The first chapter considers the problem of hypothesis testing in a weakly identified instrumental variables models with a potentially large number of instrumental variables. Instrumental variables strategies, where a causal effect is identified by exploiting exogenous variation in the explanatory variable induced by changes in instrumental variables, are one of the most common quasi-experimental research designs used in economics. In recent years, there has been interest in using a large number of instruments in combination with some regularized method, such as LASSO, in order to flexibly model the relationship between the instrumental and explanatory variable. However, in these setting there has been little work on testing hypotheses about the structural parameter when this first-stage relationship is weak. In this chapter I propose a new test for the structural parameter in a instrumental variables models that has correct asymptotic sizeeven when the number of instruments is potentially much larger than the sample size and identification is arbitrarily weak. The limiting distribution of the test statistic is derived through a novel direct Gaussian approximation argument and is combined with the sup-score test in order to improve power against certain alternatives. In both empirical data and simulation study the proposed methods are shown to have favorable size control and power properties compared to existing methods.
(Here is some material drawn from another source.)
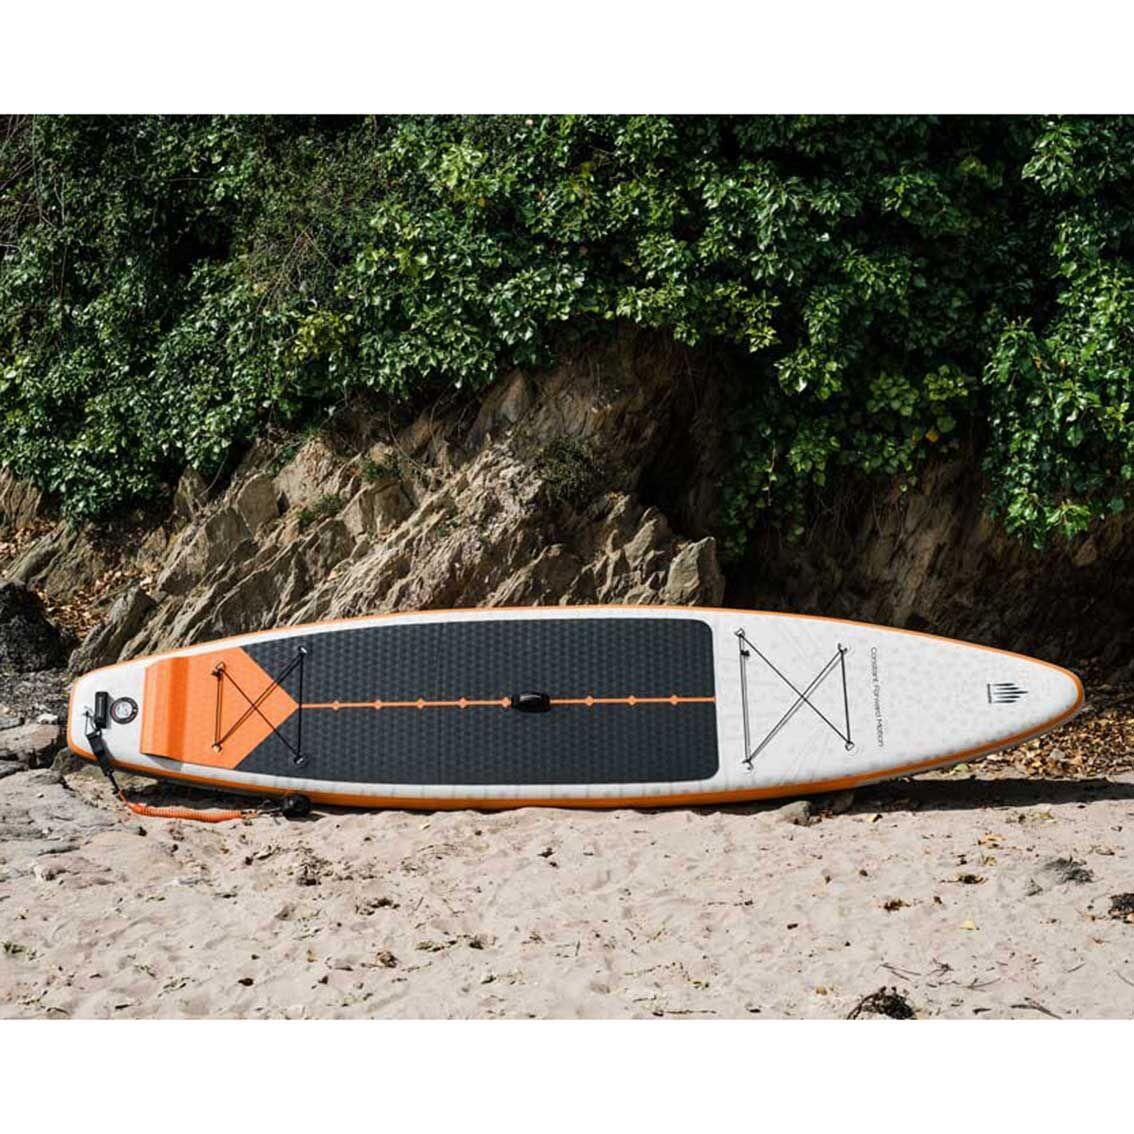 SHARK TOURING 12'6 x 32" x 6" FOR RIDERS WANTING GLIDE AND STABILTY 3/4

In the second chapter, coauthored with Adam Baybutt, we consider inference on the conditional average treatment effect (CATE) under first stage model misspecification. Plausible identification of CATEs can rely on controlling for a large number of variables to account for confounding factors. In these high-dimensional settings, estimation of the CATE requires estimating first-stage models whose consistency relies on correctly specifying their parametric forms. While doubly-robust estimators of the CATE exist, inference procedures based on the second stage CATE estimator are not doubly robust. Using the popular augmented inverse propensity weighting signal, we propose an estimator for the CATE whose resulting Wald-type confidence intervals are doubly robust. We assume a logistic model for the propensity score and a linear model for the outcome regression, and estimate the parameters of these models using a Lasso penalty to address the high dimensional covariates. Our proposed estimator remains consistent at the nonparametric rate and our proposed pointwise and uniform confidence intervals remain asymptotically valid even if one of the logistic propensity score or linear outcome regression models are misspecified.
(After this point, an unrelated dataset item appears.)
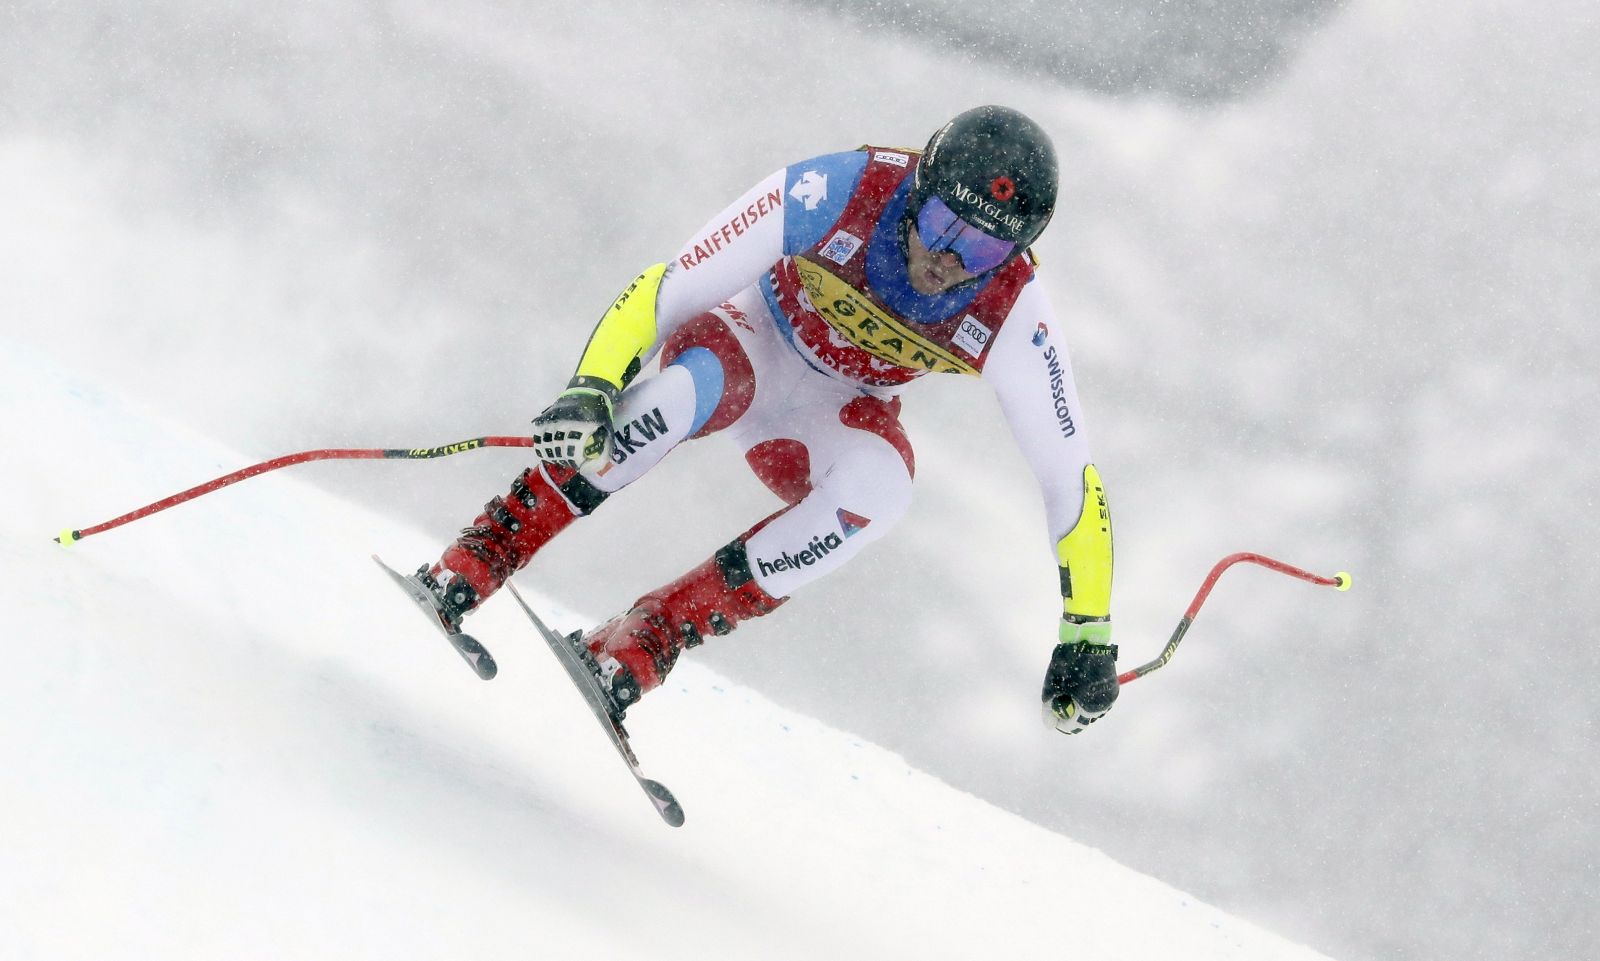 epa08878537 Mauro Caviezel of Switzerland in action during the Men's Super G race at the FIS Alpine Skiing World Cup in Val d'Isere, France, 12 December 2020.  EPA/GUILLAUME HORCAJUELO

The final chapter, coauthored with Prof. Rodrigo Pinto, investigates the relationship among monotonicity conditions in IV models with multiple choices and categorical instruments. The comparison between monotonicity conditions of ordered and unordered choice models is central to our analysis. We show that these seemingly unrelated conditions exhibit non-trivial symmetries that can be traced back to a weaker condition called Minimal Monotonicity. This novel condition captures an essential property for identifying causal parameters while being necessary for ascribing causal interpretation to Two-Stage Least Squares (2SLS) estimands. We show that minimal monotonicity naturally arises from a notion of rationality in revealed preference analysis. The condition enables to describe non-standard choice behaviors and serves as a building block for a wide range of economically-justified monotonicity conditions that do not fit the narrative dictated by either ordered or unordered choice models.